─── Material provided ───
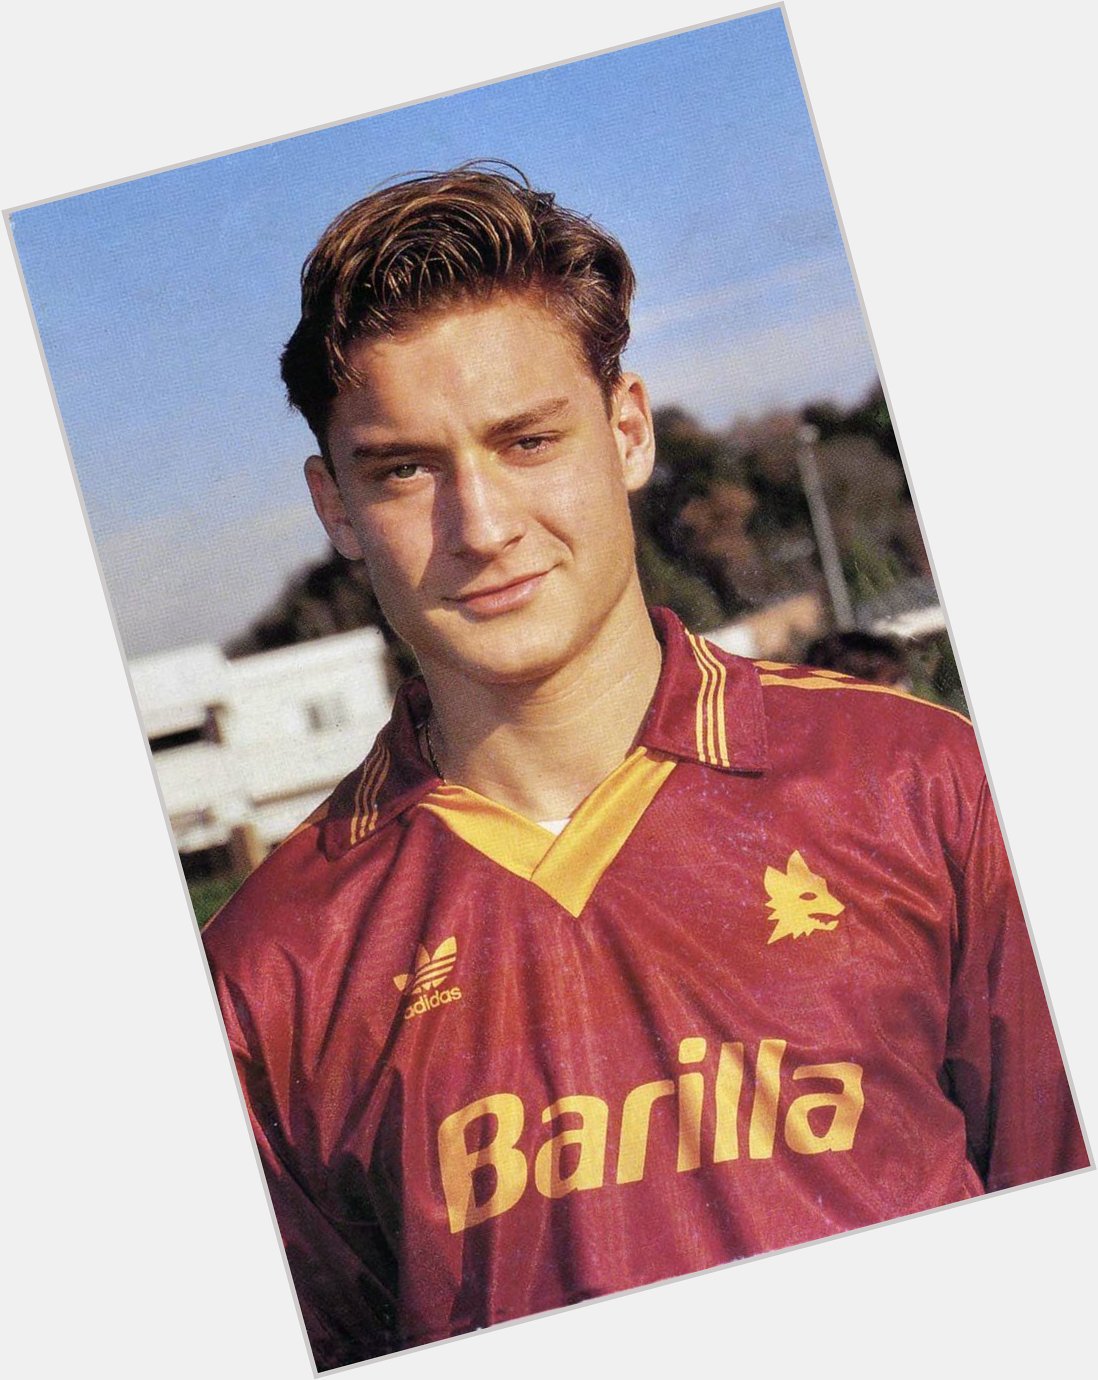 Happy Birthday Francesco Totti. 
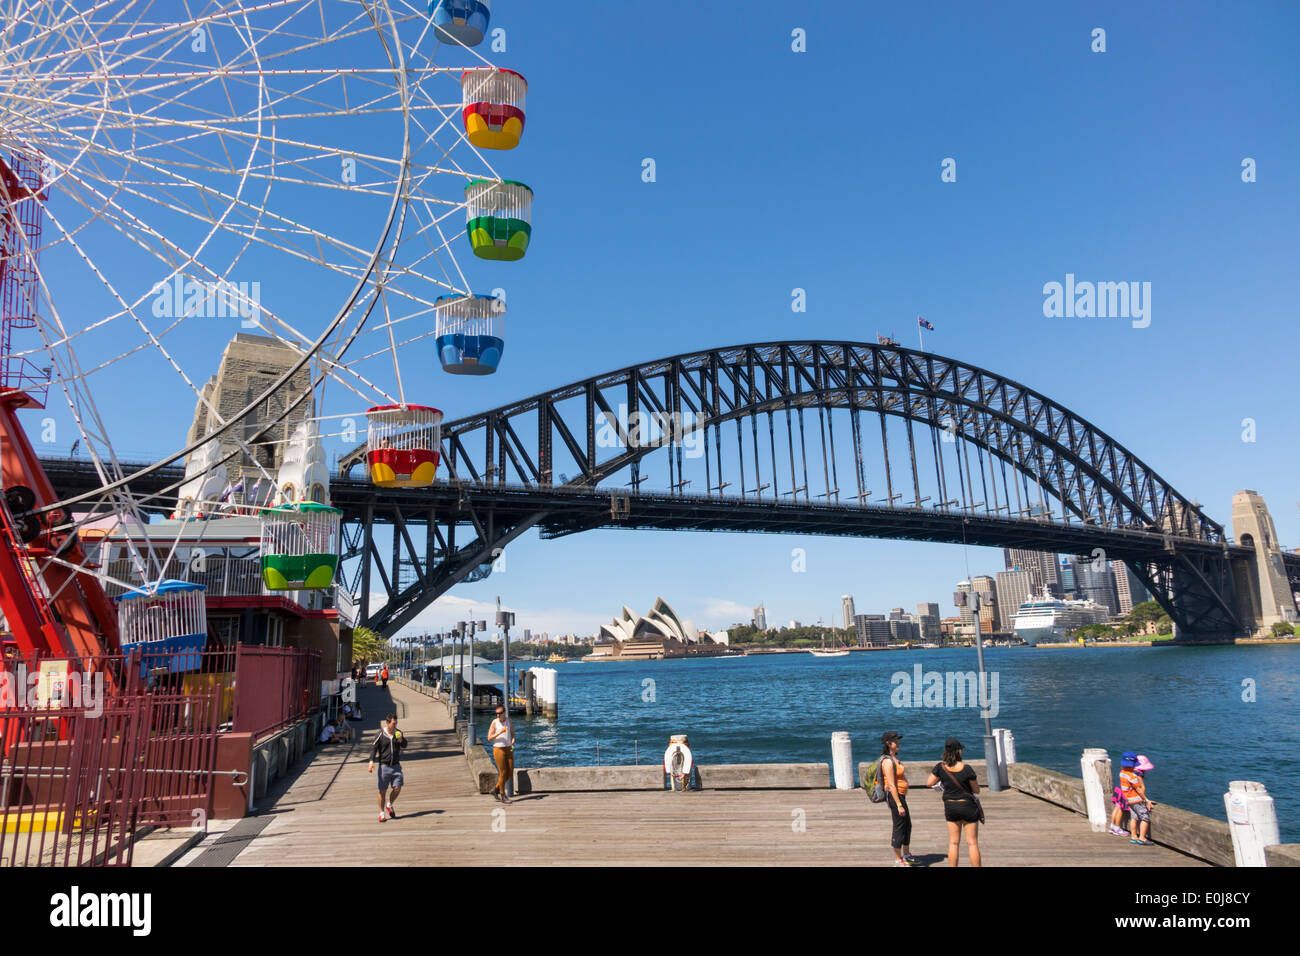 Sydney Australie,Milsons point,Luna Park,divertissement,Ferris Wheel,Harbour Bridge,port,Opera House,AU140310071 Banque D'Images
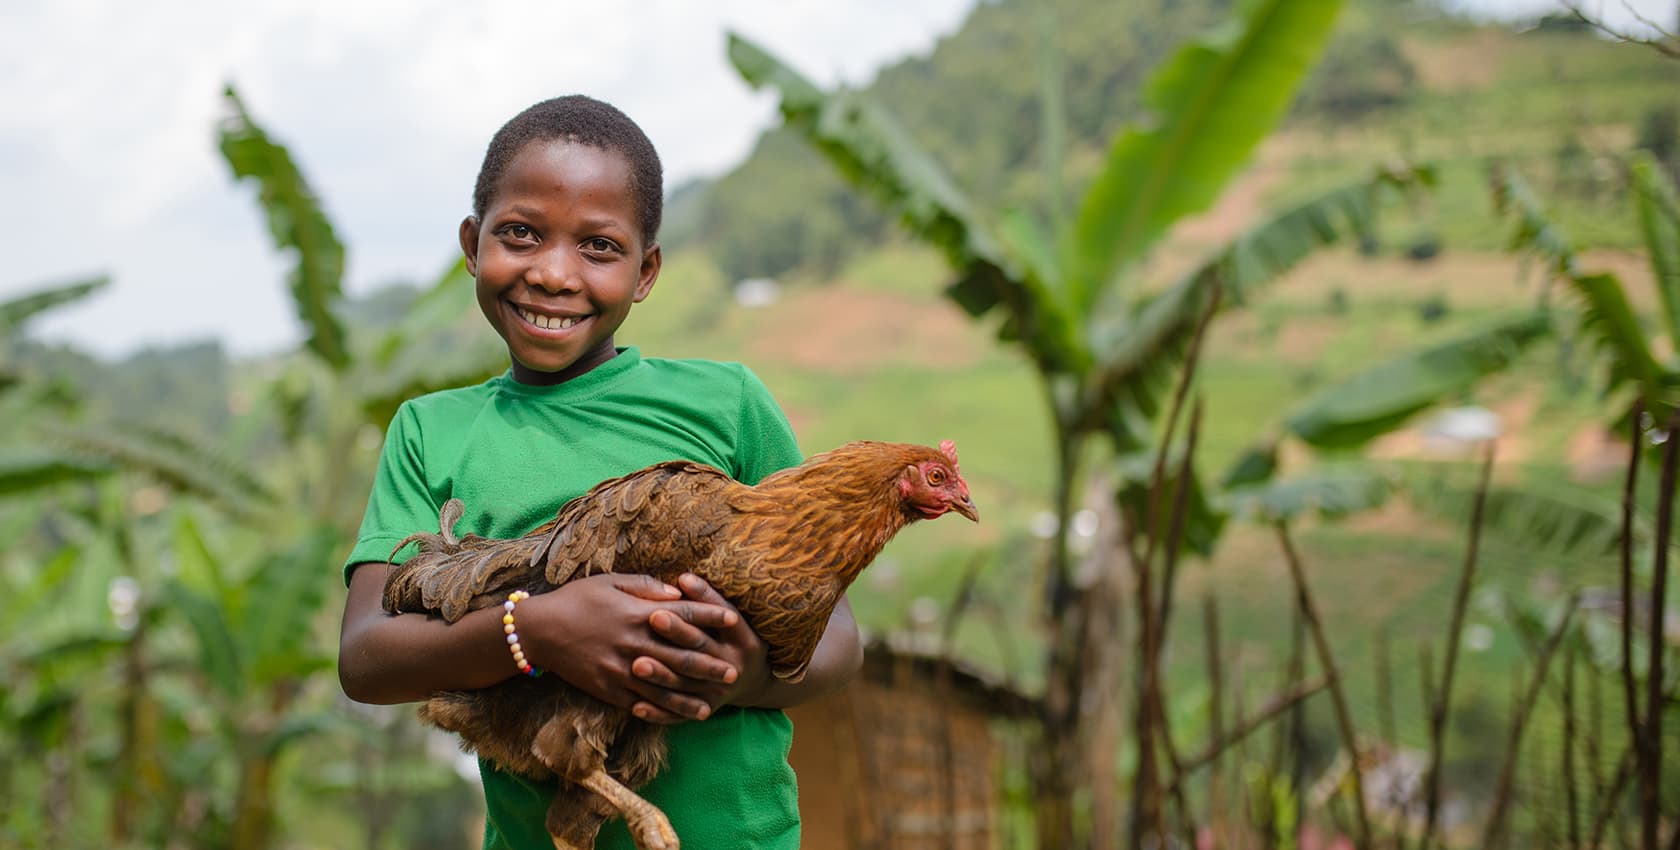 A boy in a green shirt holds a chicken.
───
Without including any picture, reproduce all of the material exactly.

Exercise solution »
 Happy Birthday Francesco Totti. 
 Sydney Australie,Milsons point,Luna Park,divertissement,Ferris Wheel,Harbour Bridge,port,Opera House,AU140310071 Banque D'Images
 A boy in a green shirt holds a chicken.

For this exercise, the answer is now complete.